I setup a single zookeeper instance using the binaries distributed with
Ubuntu 12.04. I downloaded the 3.3.5 source and compiled the C based locking
recipe. I built this into a program of mine and ran into a problem. So I had
some questions.
If i wanted to create 1000 locks, do i setup the locks as follows?
/lock/0
/lock/1
...
/lock/999
is this correct?
I was running an example with two clients competing for 1 lock running on the
same machine the zookeeper instance was running on. I found that
zkr_lock_lock() would often fail to acquire the lock, so i put that in a loop
with 1000 retries. That seems to make it work most of the time, but other times
there would still be a failure at zoo_lock.c:301
// cannot watch my predecessor i am giving up
// we need to be able to watch the predecessor
// since if we do not become a leader the others
// will keep waiting
[301] if (ret != ZOK) {
free_String_vector(vector);
I put a printf to see what ret was and it was ZNONODE. Now looking at the
code above this spot, get_children is called and then it sorts the results and
later calls zoo_wexists.
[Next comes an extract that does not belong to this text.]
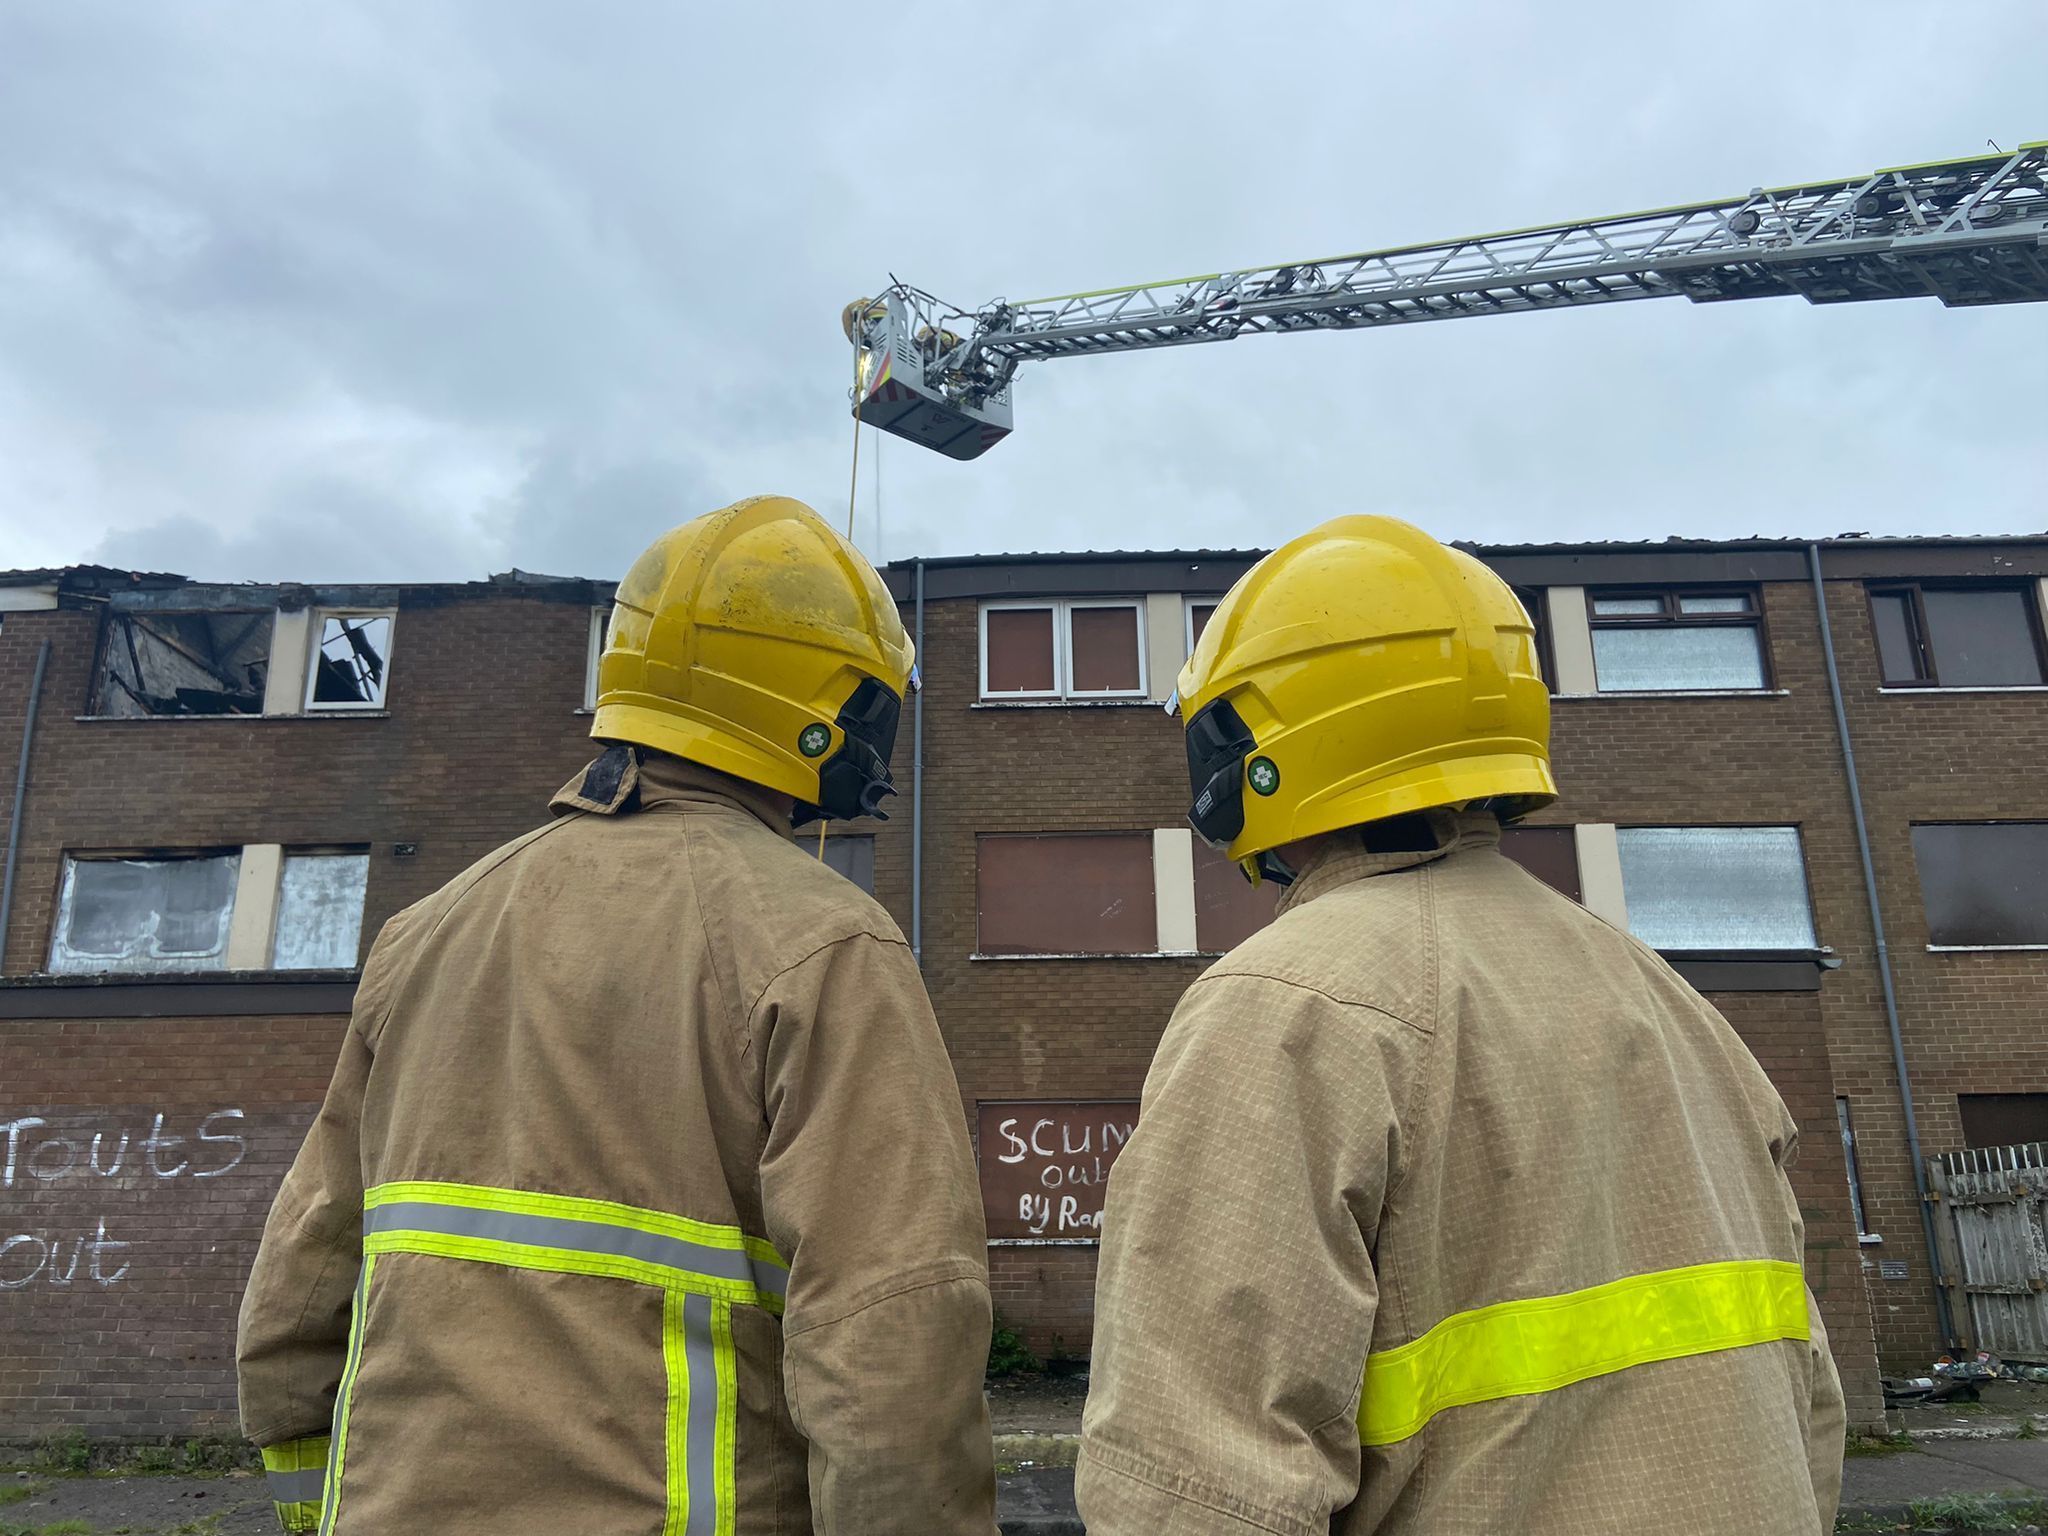 KEEPING PEOPLE SAFE: Firefighters at the scene of an earlier fire at Ross Street flats

It seems reasonable that the state could change
between these two calls? I added a statement that if the result was ZNONODE, it
does a goto back to above where get_children is called so it runs the algorithm
again.
That changes seems to make the code work all the time now, but I'm not sure
if that change is correct. I've included the diff below. So is it expected that
zkr_lock_lock will fail periodically since it only tries to acquire the lock 4
times?
thanks for any help,
kevin
--- zoo_lock.c.orig 2012-06-15 00:37:53.880508812 -0500
+++ zoo_lock.c 2012-06-15 00:41:41.304518262 -0500
@@ -273,6 +273,7 @@ static int zkr_lock_operation(zkr_lock_m
mutex->id = getName(retbuf);
}
+tryagain:
if (mutex->id != NULL) {
ret = ZCONNECTIONLOSS;
ret = retry_getchildren(zh, path, vector, ts, retry);
@@ -299,7 +300,9 @@ static int zkr_lock_operation(zkr_lock_m
// will keep waiting
if (ret != ZOK) {
free_String_vector(vector);
+ if (ret == ZNONODE) goto tryagain;
LOG_WARN(("unable to watch my predecessor"));
+ printf("zret = %d\n", ret);
ret = zkr_lock_unlock(mutex);
while (ret == 0) {
//we have to give up our leadership